## Exercise brief:
An exact transcription of the entries is required, with no images included.

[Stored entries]
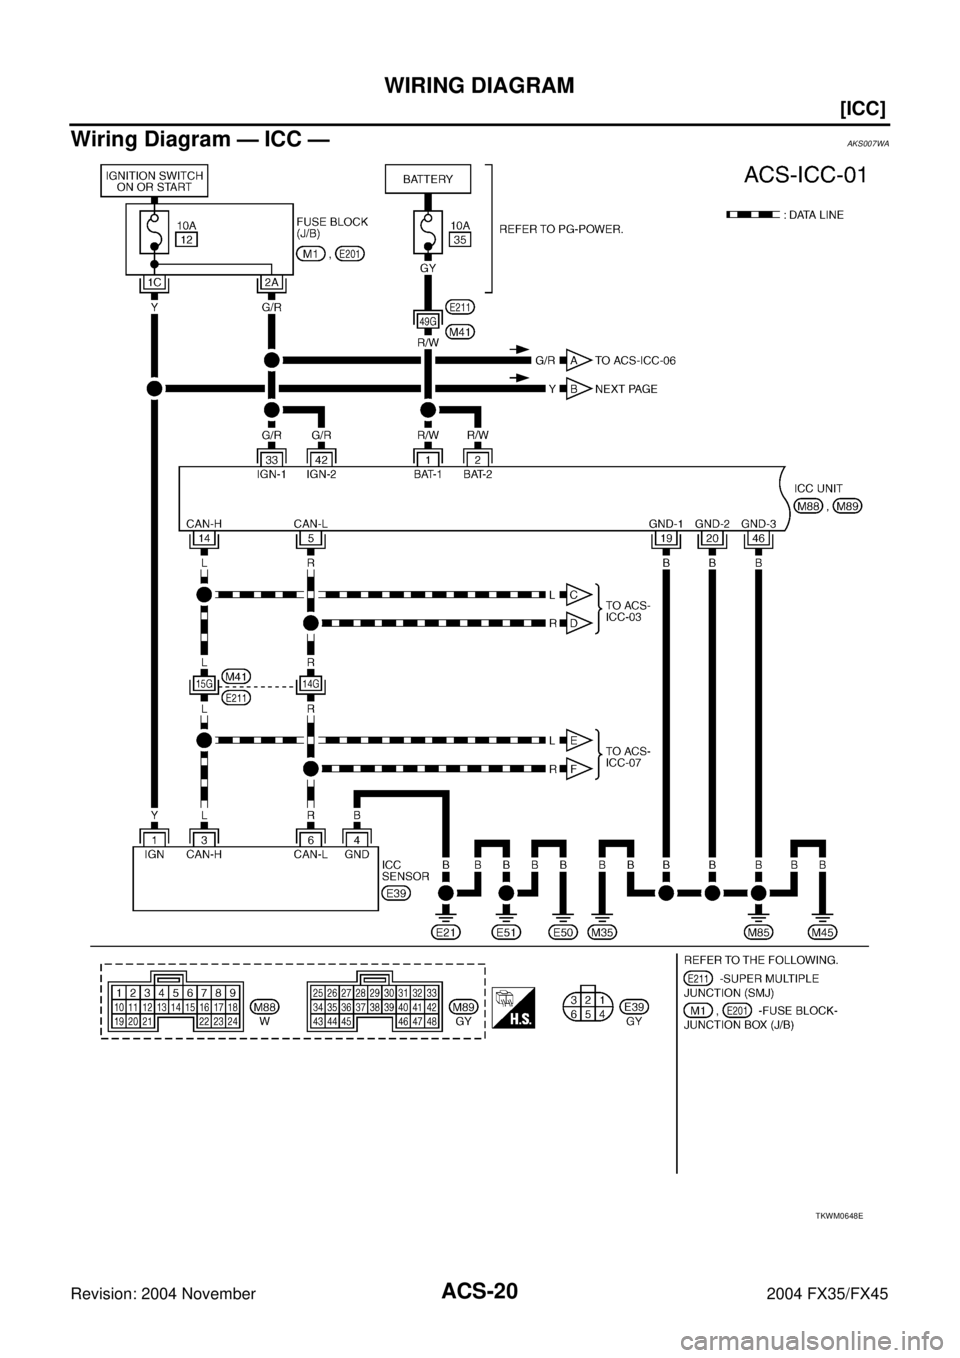 INFINITI FX35 2004 Owners Manual ACS-20
[ICC]
WIRING DIAGRAM
Revision: 2004 November 2004 FX35/FX45
Wiring Diagram — ICC —AKS007WA
TKWM0648E

## Task output:
 INFINITI FX35 2004 Owners Manual ACS-20
[ICC]
WIRING DIAGRAM
Revision: 2004 November 2004 FX35/FX45
Wiring Diagram — ICC —AKS007WA
TKWM0648E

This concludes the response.